Stolz told the Kelowna Capital Newsthat rat sightings have become common in Kelowna’s Mission, downtown core, Glenmore and Rutland areas in the last three or four years.
“In the Raymer-Richter area where I live, I just caught one the other night. I have lived there for 23 years and I never saw any rats, not one, until just in the last three or four years,” Stolz said.
“My neighbour alerted me about it initially, and we talked about it among our other neighbours as to how we can collectively deal with the problem. It doesn’t matter if you take all the rat proofing precautions in your own yard if the neighbour is not doing the same thing.
“Rats don’t understand property lines. They go where they can find food, water and warmth. And they can really travel and cover a lot of ground.”
Stolz said reports from Toovey Heights residents of rats being spotted in various yards this winter was a surprise for him to hear, something which both he and long-time Toovey residents say has never occurred previously.
“They can fit into some amazing places. If they can get their nose, face and and an ear inside an opening, they will get through even if their body is twice the size of the hole.
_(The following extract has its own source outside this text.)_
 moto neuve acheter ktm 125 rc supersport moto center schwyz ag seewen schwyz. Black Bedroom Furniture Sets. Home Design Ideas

If you think a hole might be too small for them to fit through, think again,” Stolz said.
Frank Ritcey, provincial co-ordinator with WildSafe BC, tends to focus on bear, deer and coyote complaint issues, but the exploding rat population issue has gained the public’s interest.
“If you take all our education materials and substitute rat for bear, it pretty much amounts to the same thing in terms of wildlife proofing your property,” Ritcey said.
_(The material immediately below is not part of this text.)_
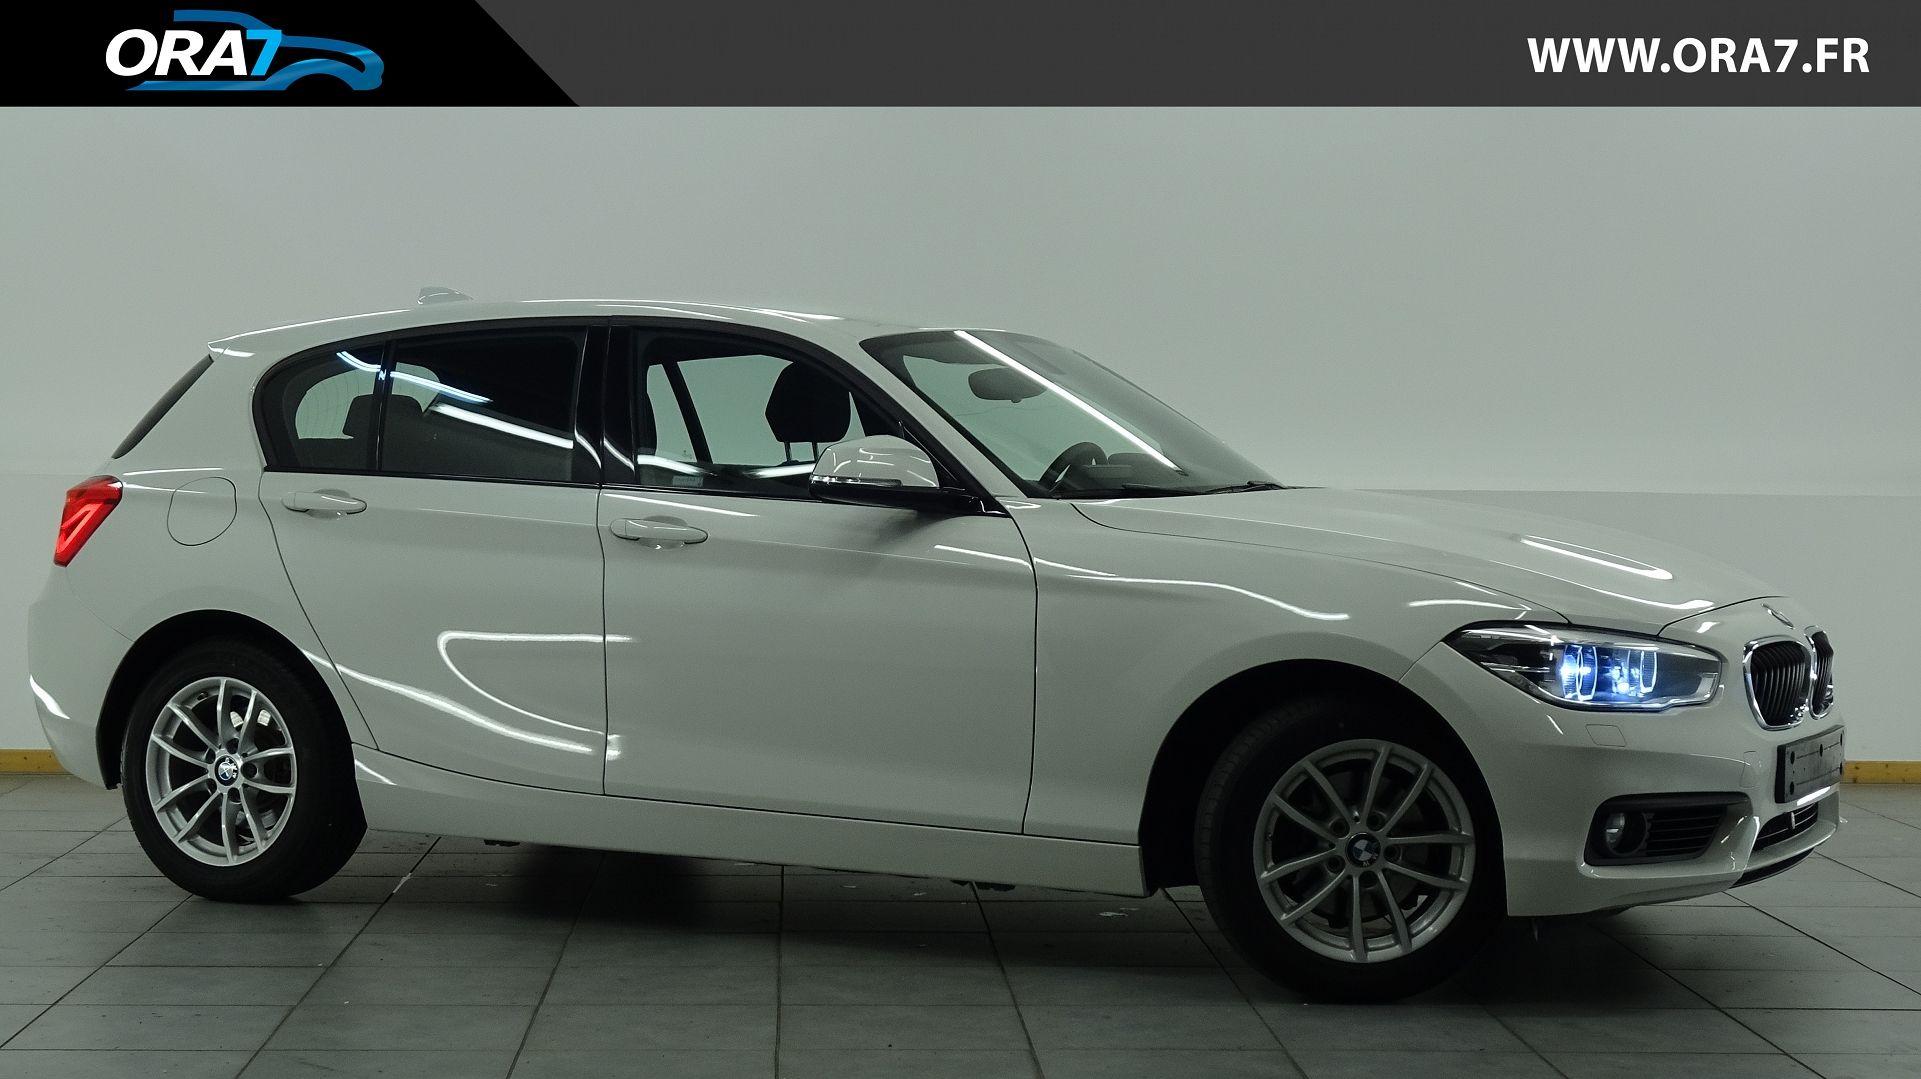 BMW SERIE 1 (F21/F20) 118D XDRIVE 150CH EXECUTIVE 5P d'occasion dans votre centre ORA7

He said the reason rats are suddenly showing up in Interior communities is a bit of a mystery, one he says that Thompson Rivers University students have begun doing preliminary research on.
“They are able to get around by transferring themselves in or on trucks or other shipped goods from the Lower Mainland and if they find an urban setting, they can thrive,” he said.
“We have cameras along lots of trails in the region but we never see any rats. We see lots of other wildlife and rodents but never any rats. They don’t survive well in the wild.”
Nolan Newman, B.C. Interior and Yukon branch manager for Orkin Canada in Kelowna, thinks the rat outbreak in the Interior can be traced to a garbage strike in Vancouver more than a decade ago, where garbage was allowed to accumulate on the streets.
“After that strike, we began to see rats showing up in areas never seen before throughout the Okanagan, Kamloops, Salmon Arm, Creston, Cache Creek, Castlegar and Nelson,” Newman said, adding rats set up home in cars, semi-trucks and truck transport loads, essentially hitchhiking their way to Interior communities.
And if they arrive in your community unhindered, rats multiply quickly at a far greater level than even rabbits.
“Rats have a shorter gestation period. They become sexually mature very early in life, six weeks of age, and they can have a large litter of 10 to 12 babies at a time. Females can give birth to one batch of babies and at the same time be pregnant with the next batch,” Ritcey said.